The pictures get dropped, while every remaining part of the listing is copied exactly.

» **Dataset excerpt**:
....

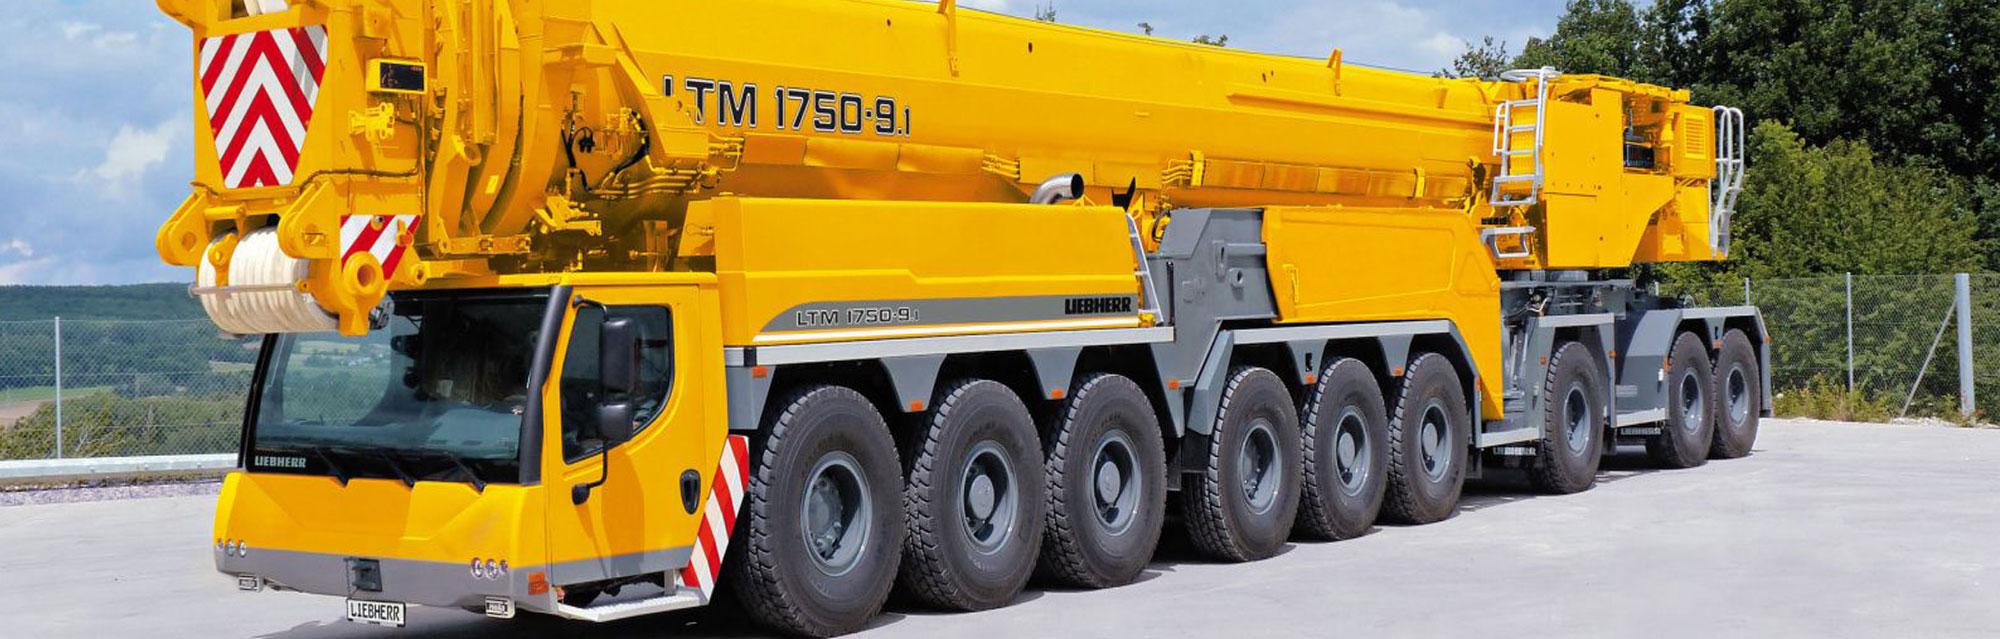 Used Crane Spare Parts : Cranes international used trucks heavy equipment trading
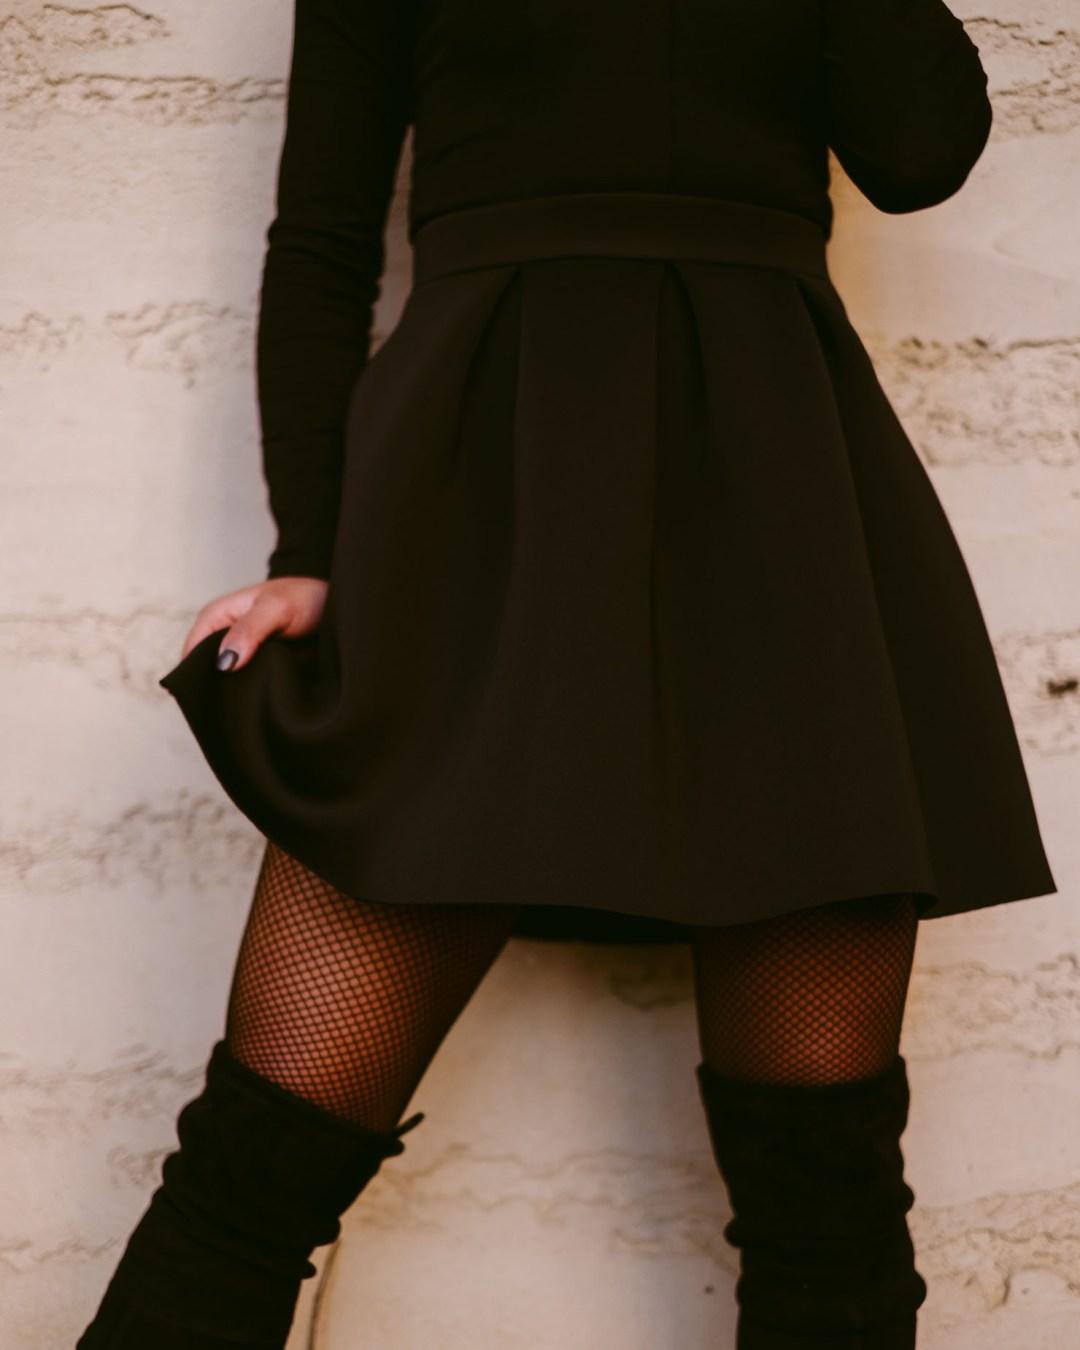 Lifestyle blogger Kelsey Kaplan of Kelsey Kaplan Fashion wearing fox mask and fishnet stockings to costume party
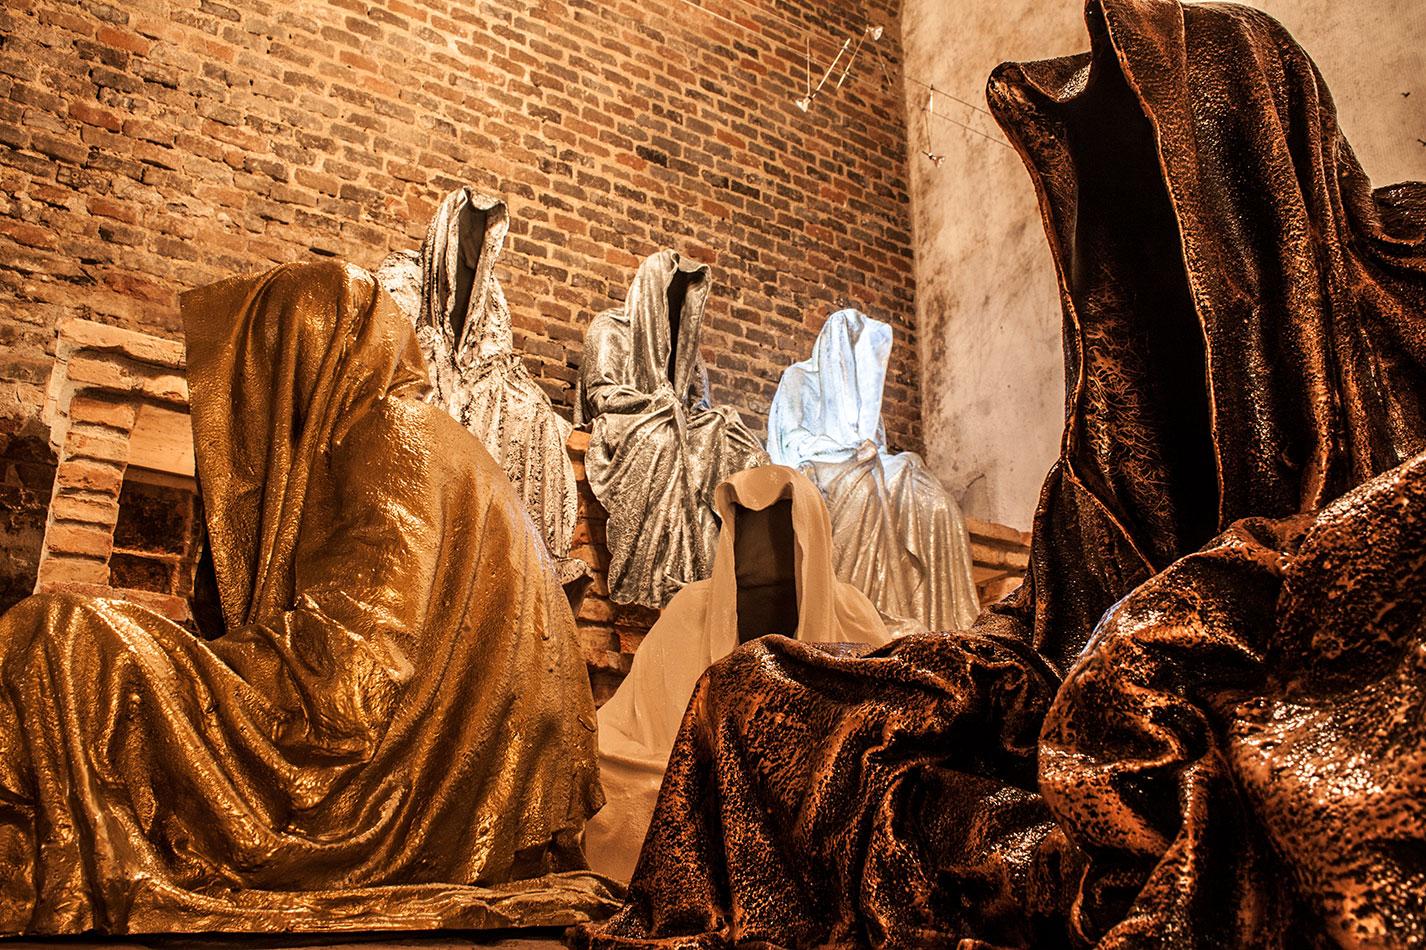 wine-cellar-galerie-artdealer--freller-guardians-of-time-manfred-kili-kielnhofer-contemporary-art-arts-light-design-sculpture-antique-show-statue-7907

....

» **Written answer**:
 Used Crane Spare Parts : Cranes international used trucks heavy equipment trading
 Lifestyle blogger Kelsey Kaplan of Kelsey Kaplan Fashion wearing fox mask and fishnet stockings to costume party
 wine-cellar-galerie-artdealer--freller-guardians-of-time-manfred-kili-kielnhofer-contemporary-art-arts-light-design-sculpture-antique-show-statue-7907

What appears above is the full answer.